§ What you have to do
Wherever an image appears in the data, omit it and copy all the remaining text word for word.

§ Collected material
=-=-=-=-=
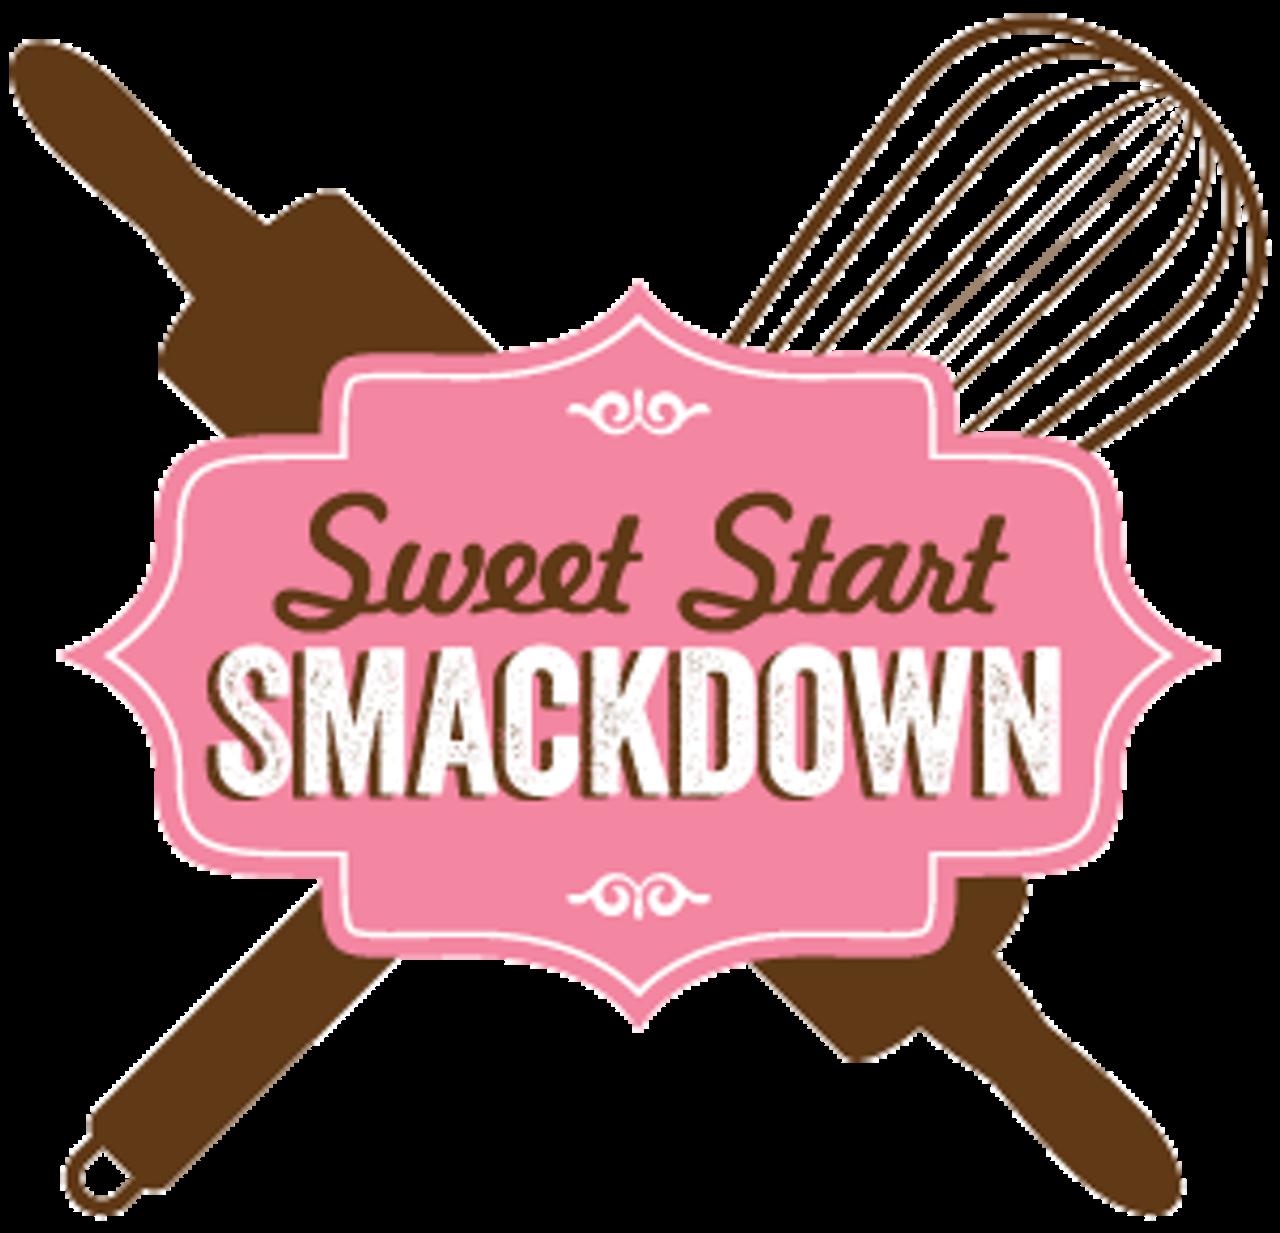 Sweet start smackdown vermont. Restaurants clipart pastry chef
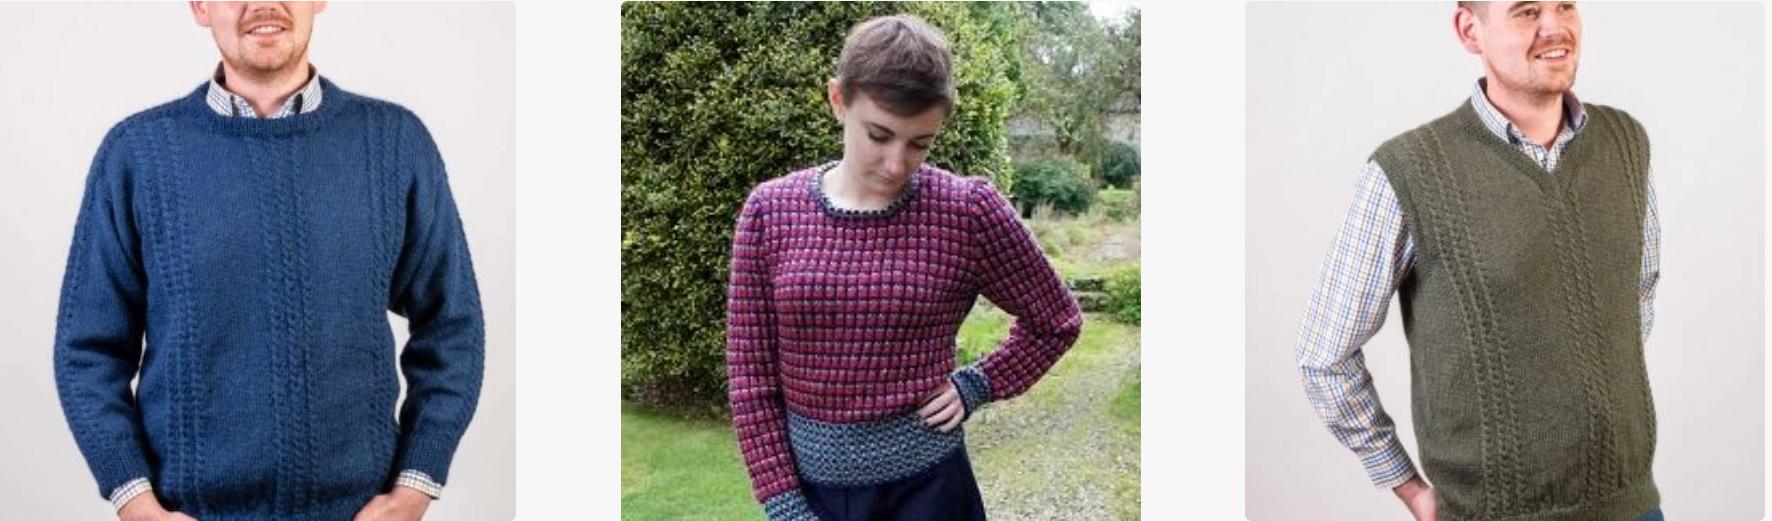 New Wensleydale Longwool Knitting Patterns
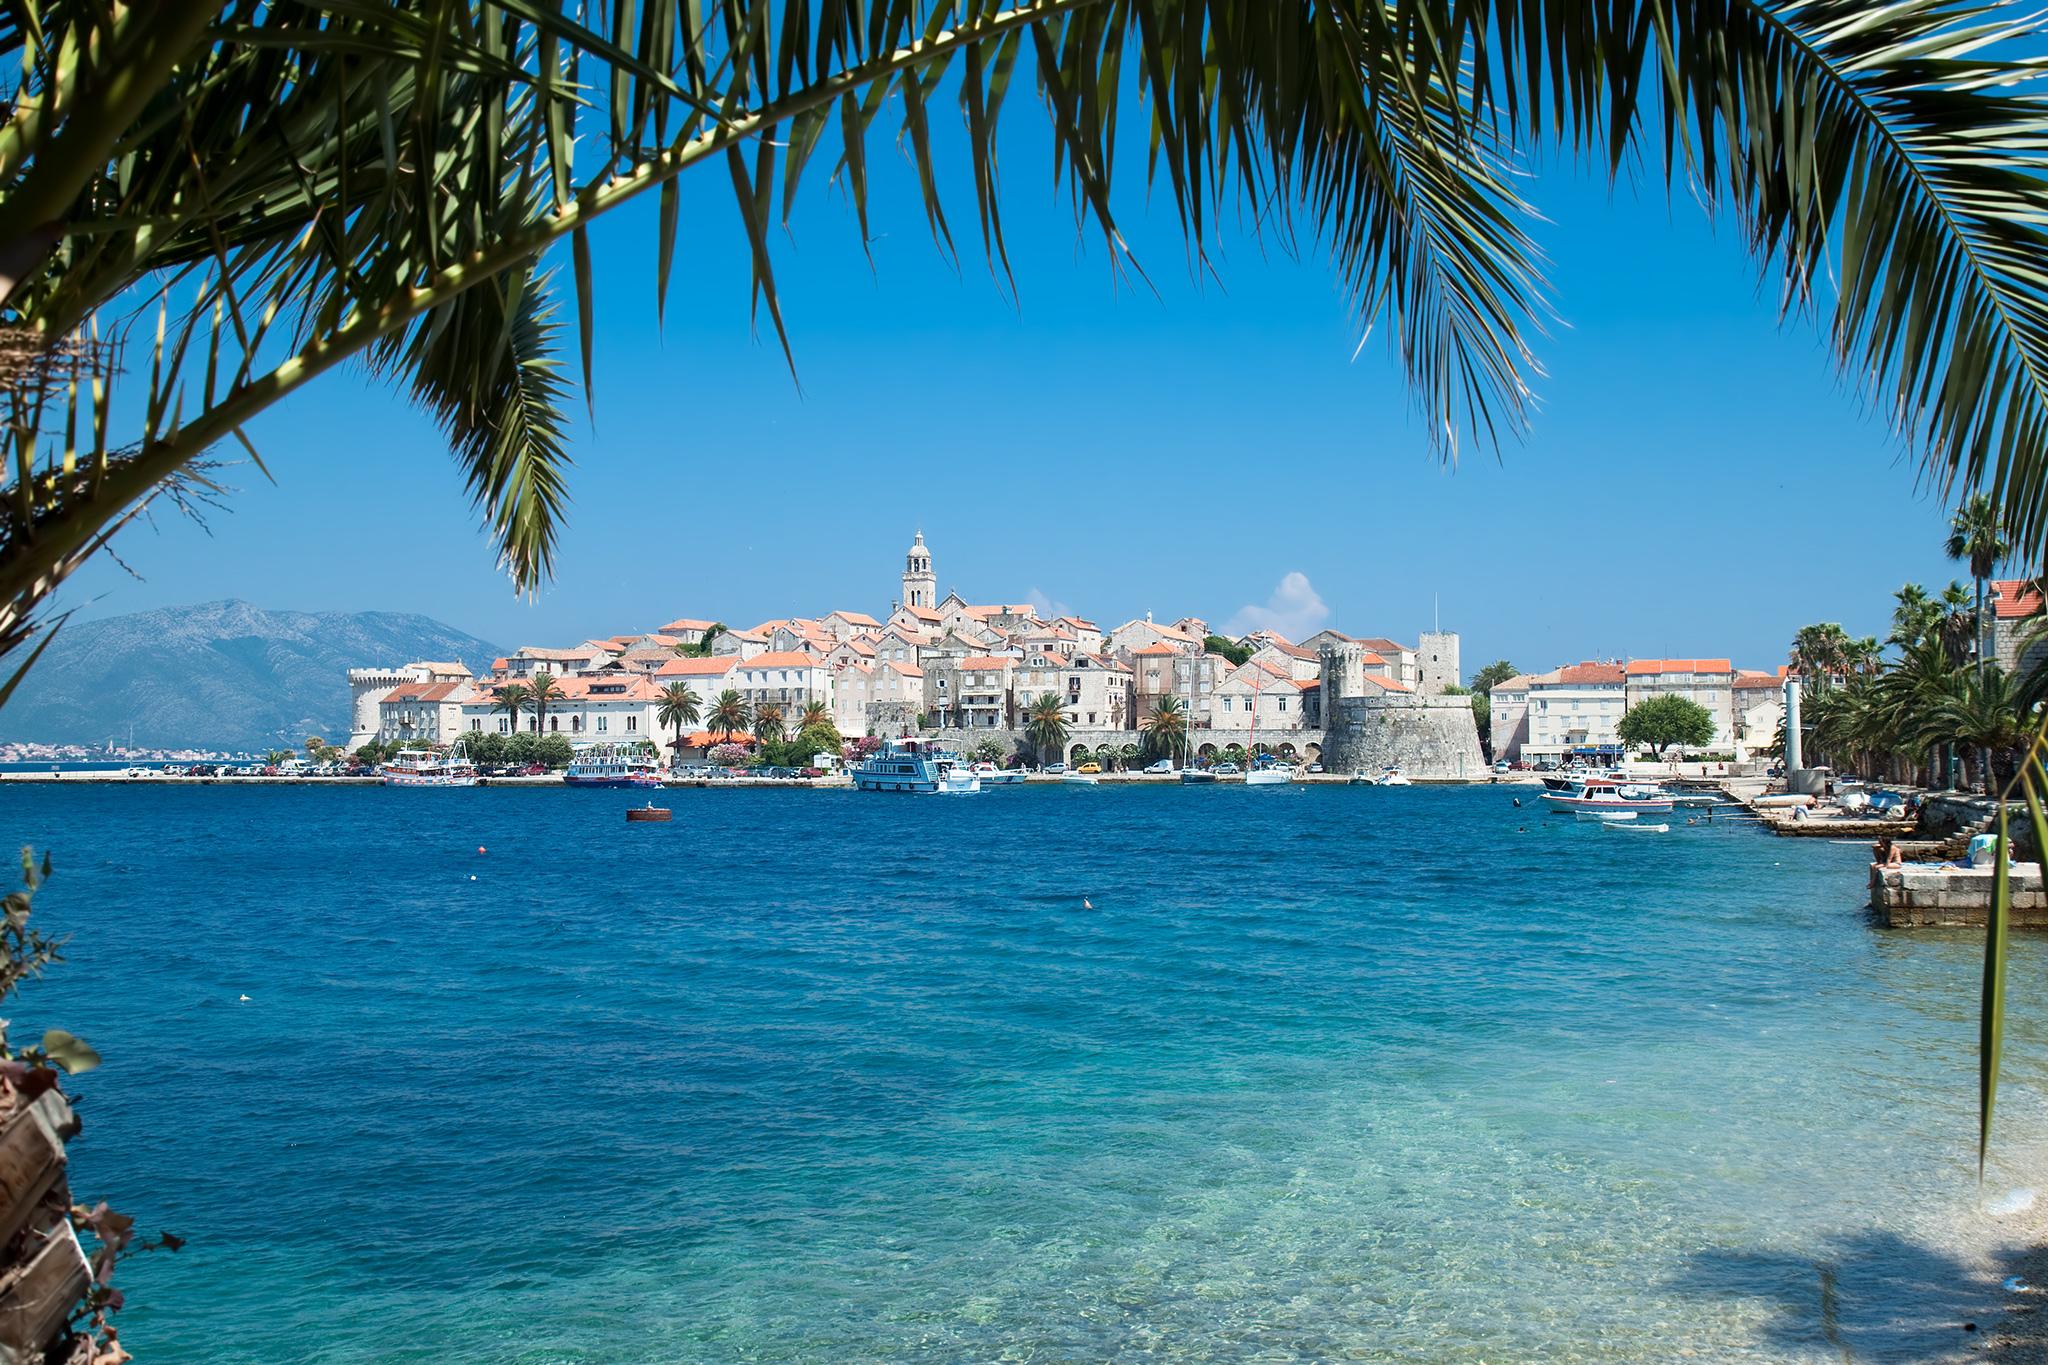 Korcula Dubrovnik Transat
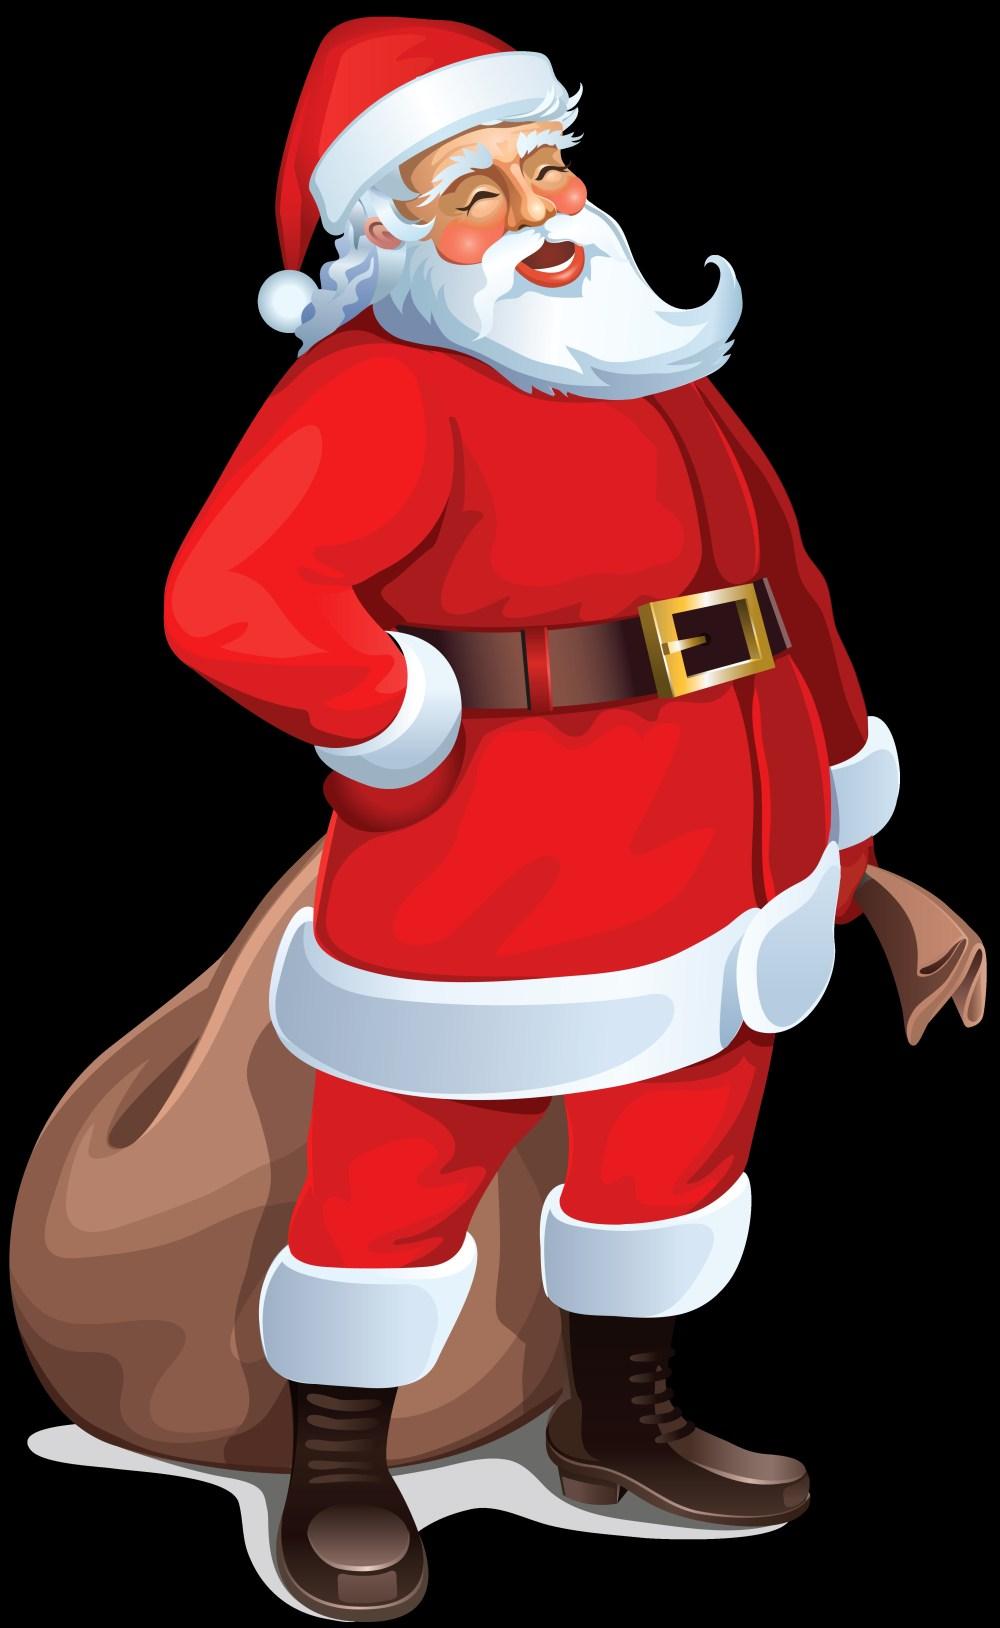 medium resolution of santa claus clipart hd image wallpaper
=-=-=-=-=
§ Exercise output
 Sweet start smackdown vermont. Restaurants clipart pastry chef
 New Wensleydale Longwool Knitting Patterns
 Korcula Dubrovnik Transat
 medium resolution of santa claus clipart hd image wallpaper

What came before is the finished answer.